For molecules exposed to a strong laser field, upon the releasing of the electrons the bond will break, which is overwhelmingly crucial for grasping the causality of chemical reactions. Previous studies on energy spectra of electrons and nuclear fragments have refreshed the understanding of molecular ultrafast dynamics continuously. Particularly, low-energy protons generated from dissociating H2, one of the well-observed phenomena in light-molecule interaction, have stimulated the investigation of the molecular bond softening. However, the lack of time information makes it hard to unambiguously understand the molecular bond breakage behavior. 

A joint research team led by Prof. Jian Wu from East China Normal University and Prof. Feng He from Shanghai Jiao Tong University explored the generation of low-energy protons in dissociative ionization of H2 in a time-energy-resolved manner. The low-energy protons are identified to be produced via the dissociation from high vibrational states.
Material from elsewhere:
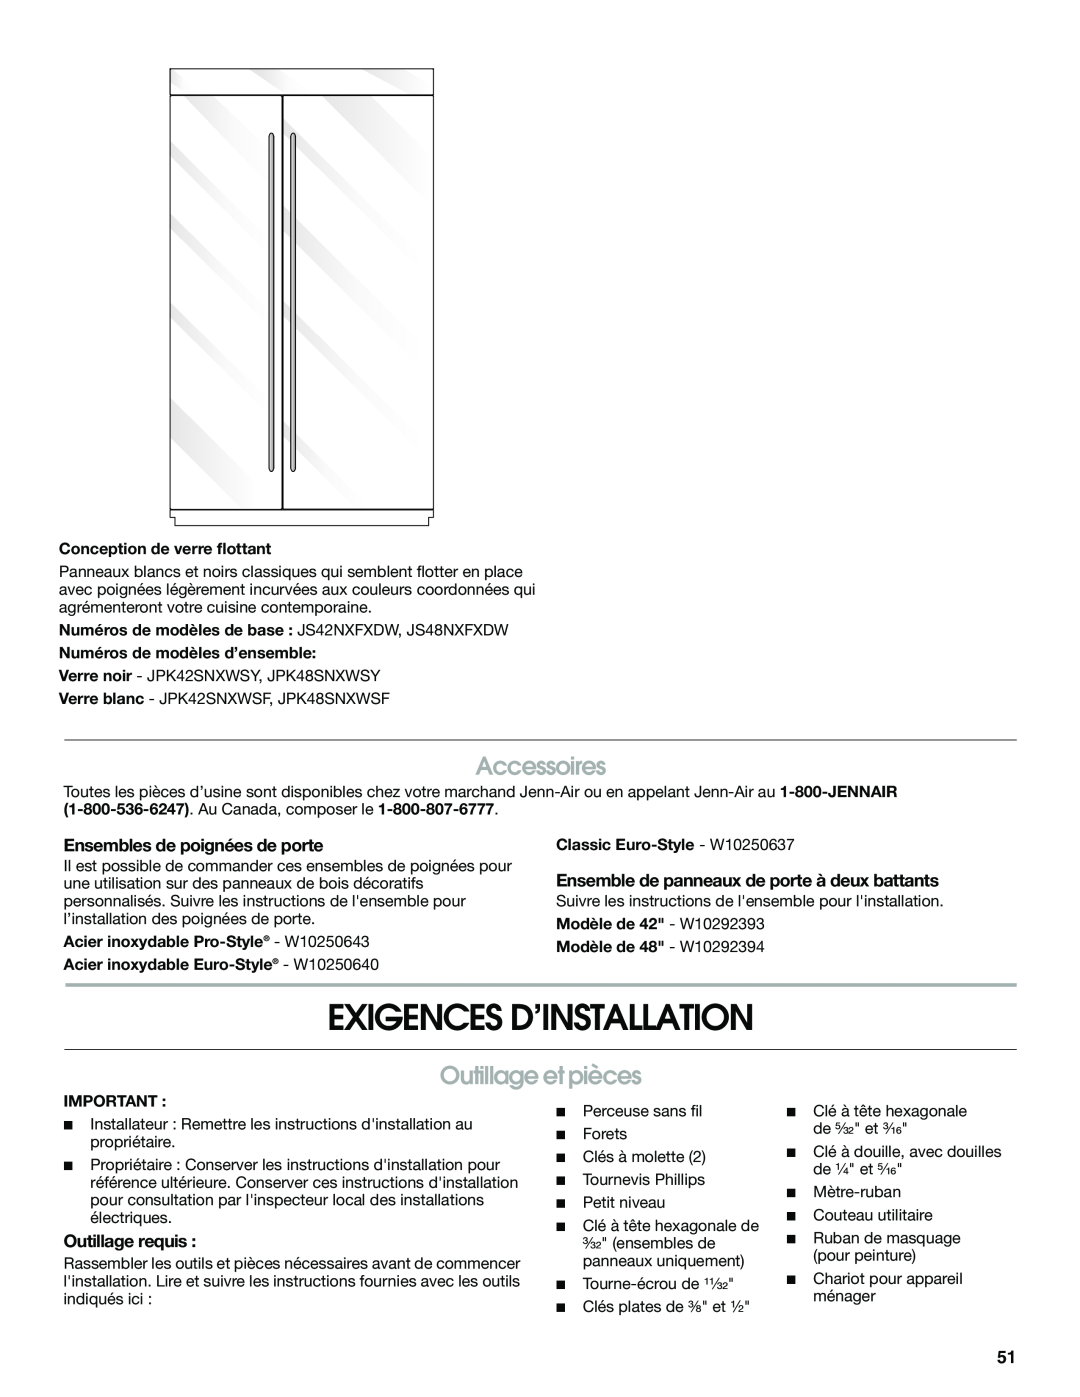 Jenn-Air W10379136B manual Exigences D’Installation, Accessoires, Outillage et pièces, Ensembles de poignées de porte

The researchers constructed a multicycle polarization-skewed laser pulse to trigger and trace the ionization and dissociation of the molecule with extremely high time resolution. 

Analyzing the relationship between the physics information extracted from the molecular frame photoelectron angular distributions and the energy spectrum of the nuclear fragments, the researchers discovered that the low-energy protons are produced via the dipole-transition at large bond lengths, contrary to the well-known bond-softening scenario.

Both classical and quantum simulations on molecular dissociation dynamics verified the experimental observations and the intriguing dissociation pathway. The field-dressed transient electronic states are periodically modulated by a strong near-infrared laser pulse, opening up a one-photon or multiphoton transition channel at large bond lengths.

This work reveals the physical origin of the low-energy proton generation in strong-field dissociation of molecules and highlights the influence of laser-dressed states in strong-field physics. The outstanding time-energy–resolved approach proposed here has great potential to become a standard solution for other complex molecules.